Tecavüz şiddetle zorbalıkla arzu edileni alma girişimidir. Nefsin
ve kibrin putlaştırılmasıdır. Elde etmek istediğin şey için hakkı
olup olmadığını sorgulamaz tecavüzcü, gücü olup olmadığını
sorgular. Bu anlamda son derece rasyonel insanlardır tecavüzcüler.
Rasyonel ama ahlaksız. Ezcümle tecavüz güce tapınma
ameliyesidir.
Şiddet Güçlünün Ahlaksızlığıdır
Aslında tecavüz konusunda da kadına şiddet konusunda da herkesin
düştüğü cinsiyetçi bir tuzak var. Kadına şiddette hayır diye
bağıranlar, oturup etraflıca düşünseler, aslında meselenin sadece
şiddet olduğunu anlayacaklardır. Şiddet sorununda da kadının ön
plana çıkması, kadının fiziksel, ekonomik vb güçsüzlüğü ile
ilişkilidir. Kadın, kadın olduğu için değil, güçsüz olduğu için
şiddete maruz kalmaktadır. Ve maalesef şiddet sadece erkekten
kadına doğru değil güçlüden güçsüze doğru sel gibi akmaktadır.

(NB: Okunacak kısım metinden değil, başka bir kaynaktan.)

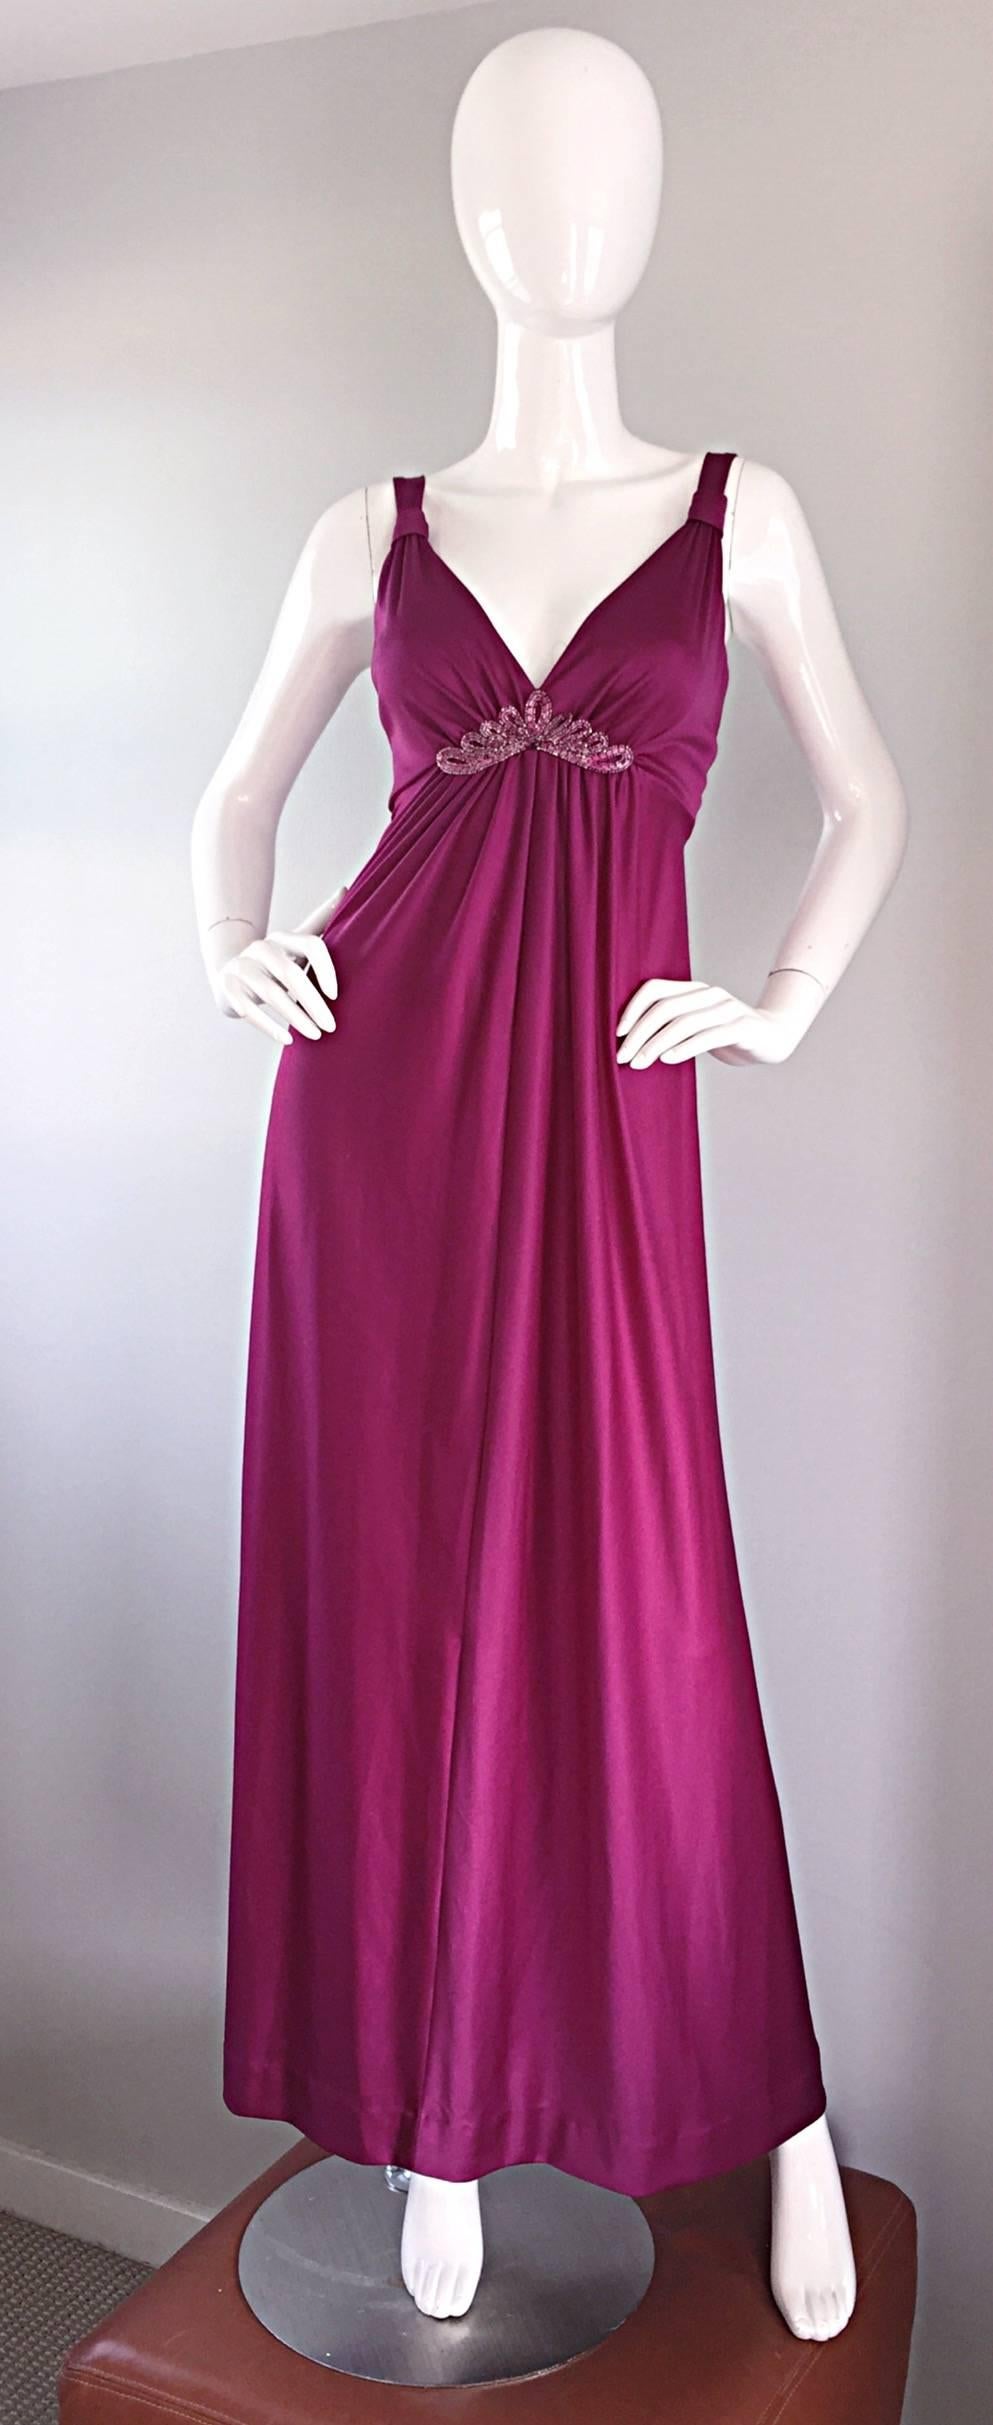 Sexy 1970s wine colored Grecian maxi dress, and matching shrug! Slinky maxi dress, with beading detail at the bust. Flattering gathers throughout the bodice, which not only look good, but leave some room to breathe! Full metal zipper up the back,

Kadınlar çocuklara, çocuklar daha küçük çocuklara, çocuklar minik
hayvanlara, kadınlar diğer güçsüz kadınlara ve güçlü kadınlar
güçsüz erkeklere şiddet uygular. Şiddet gücün egemenliğine boyun
eğme kültüründen beslendiği için, epeyce toplumun ortak malıdır.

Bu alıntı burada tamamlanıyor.